→ **What is expected**
Return the complete listing exactly as it reads, with each picture removed.

→ **Provided material**
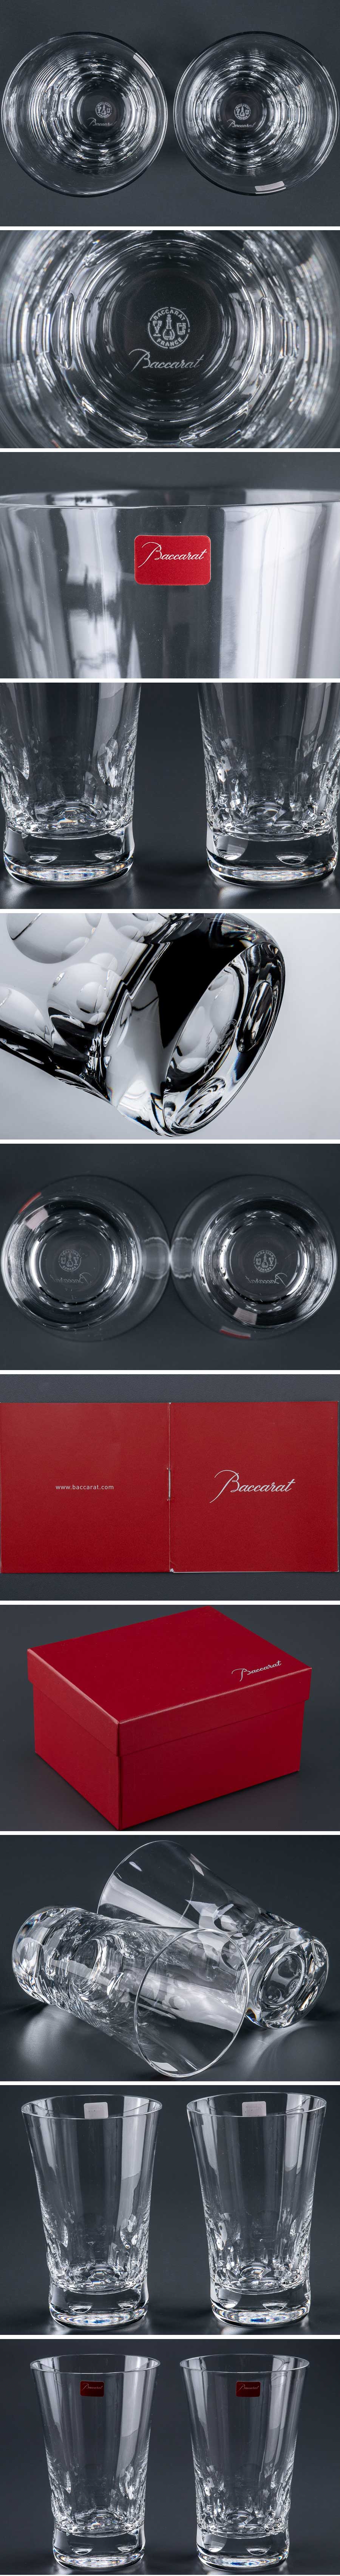 最安値正規品『 バカラ baccarat 「 ベルーガ 」 タンブラー グラス 2客 箱付 9929 』 2個組 洋食器 ブランド テーブルウェア クリスタルガラス 工芸ガラス
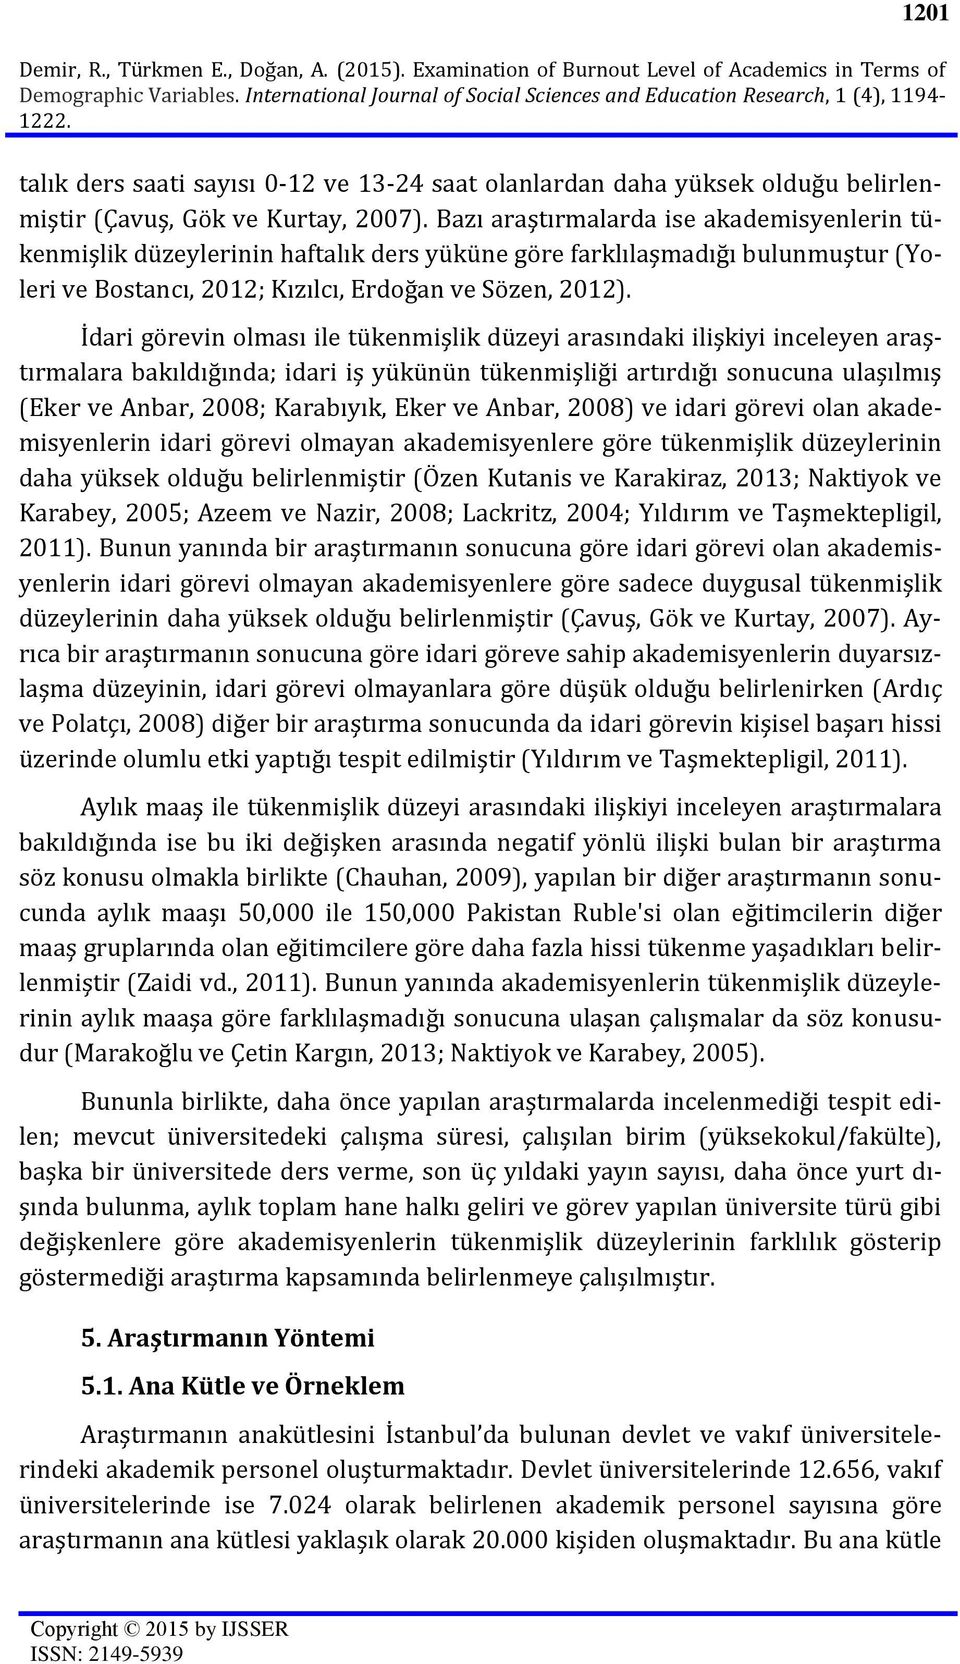 Bazı araştırmalarda ise akademisyenlerin tükenmişlik düzeylerinin haftalık ders yüküne göre farklılaşmadığı bulunmuştur (Yoleri ve Bostancı, 2012; Kızılcı, Erdoğan ve Sözen, 2012).
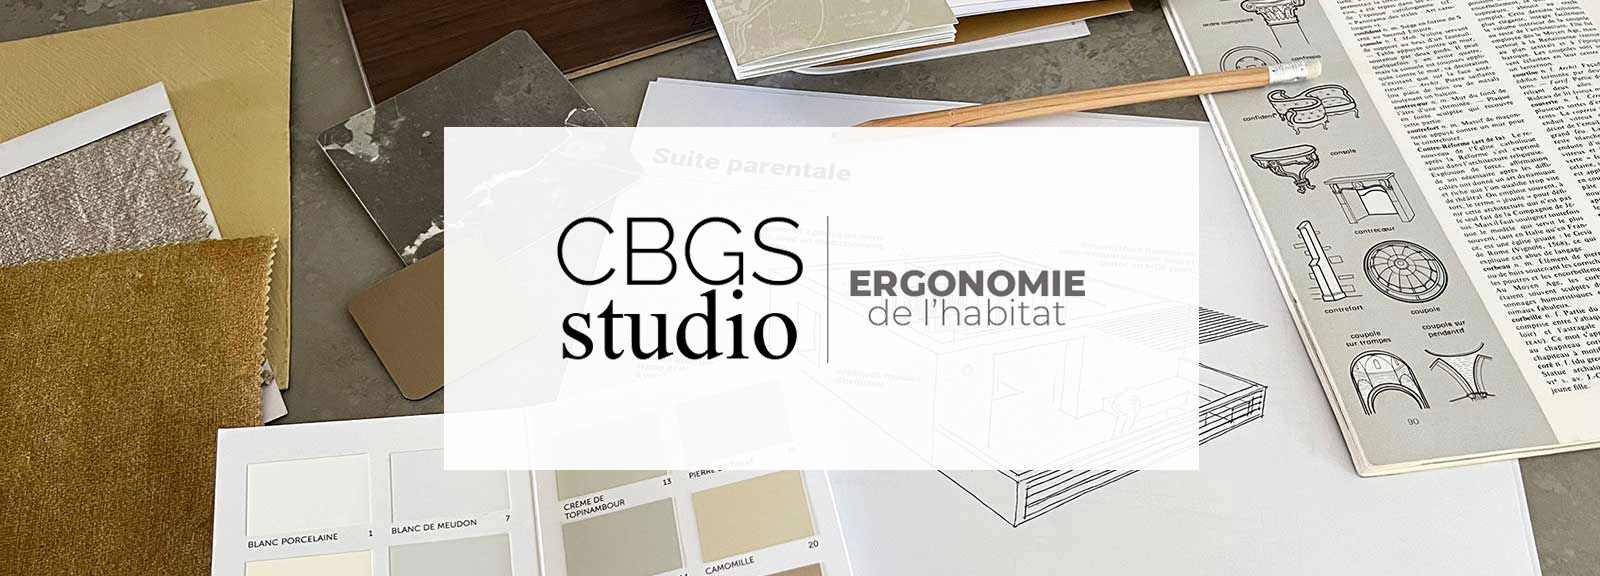 CBGS studio
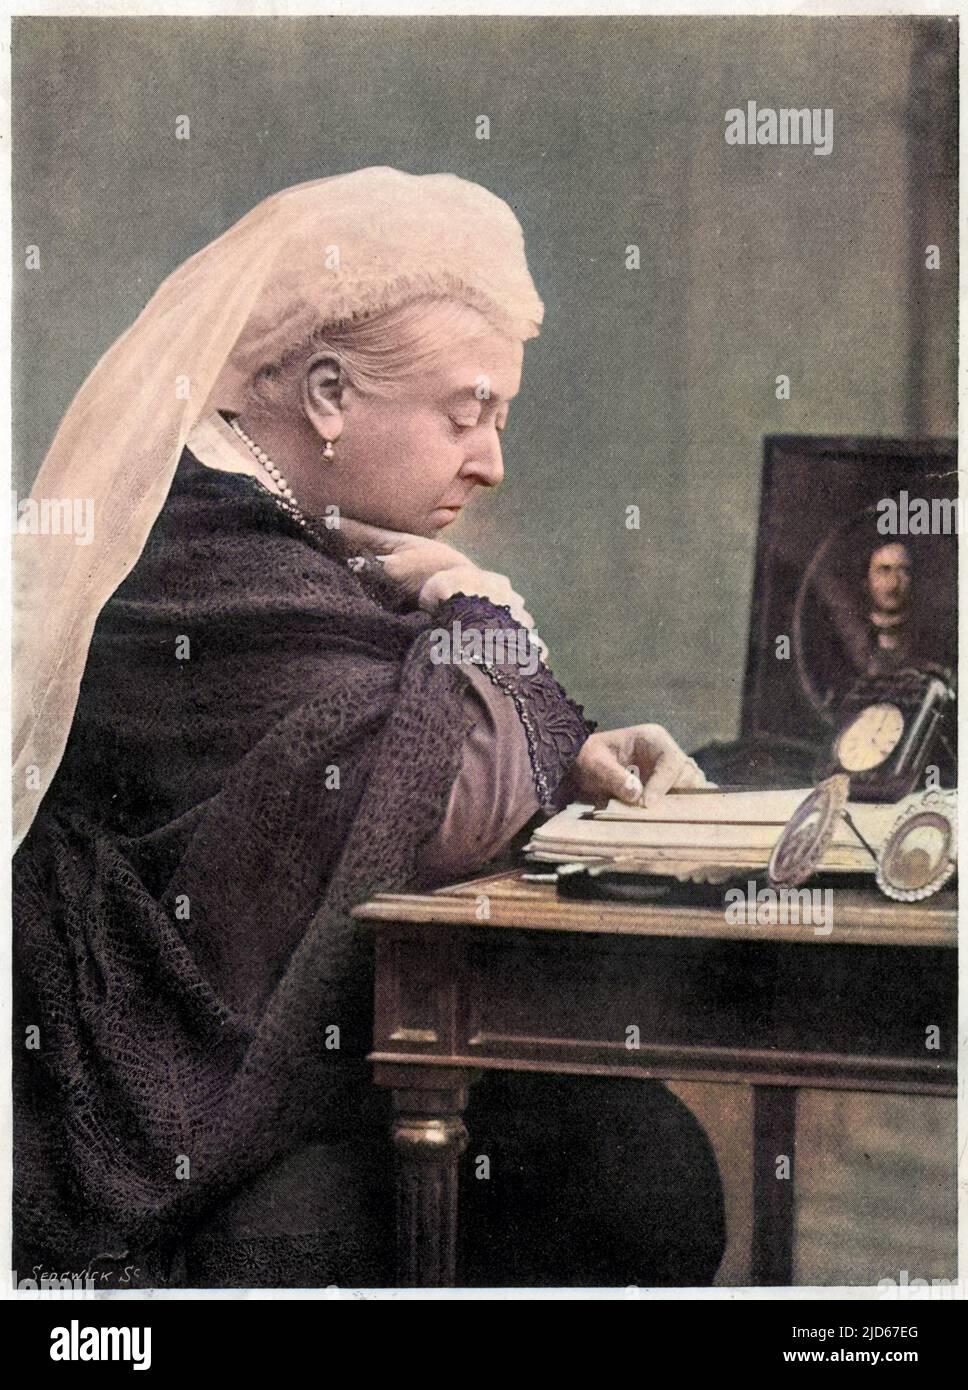 Königin Victoria (1819 - 1901), die im Jahr 1890s an ihrem Schreibtisch saß, mit einem Bild ihres verstorbenen Ehemannes Prinz Albert an ihrer Seite. Kolorierte Version von : 10018810 Datum: c. 1890s Stockfoto

→ **Reply to the exercise**
 最安値正規品『 バカラ baccarat 「 ベルーガ 」 タンブラー グラス 2客 箱付 9929 』 2個組 洋食器 ブランド テーブルウェア クリスタルガラス 工芸ガラス
 Bazı araştırmalarda ise akademisyenlerin tükenmişlik düzeylerinin haftalık ders yüküne göre farklılaşmadığı bulunmuştur (Yoleri ve Bostancı, 2012; Kızılcı, Erdoğan ve Sözen, 2012).
 CBGS studio
 Königin Victoria (1819 - 1901), die im Jahr 1890s an ihrem Schreibtisch saß, mit einem Bild ihres verstorbenen Ehemannes Prinz Albert an ihrer Seite. Kolorierte Version von : 10018810 Datum: c. 1890s Stockfoto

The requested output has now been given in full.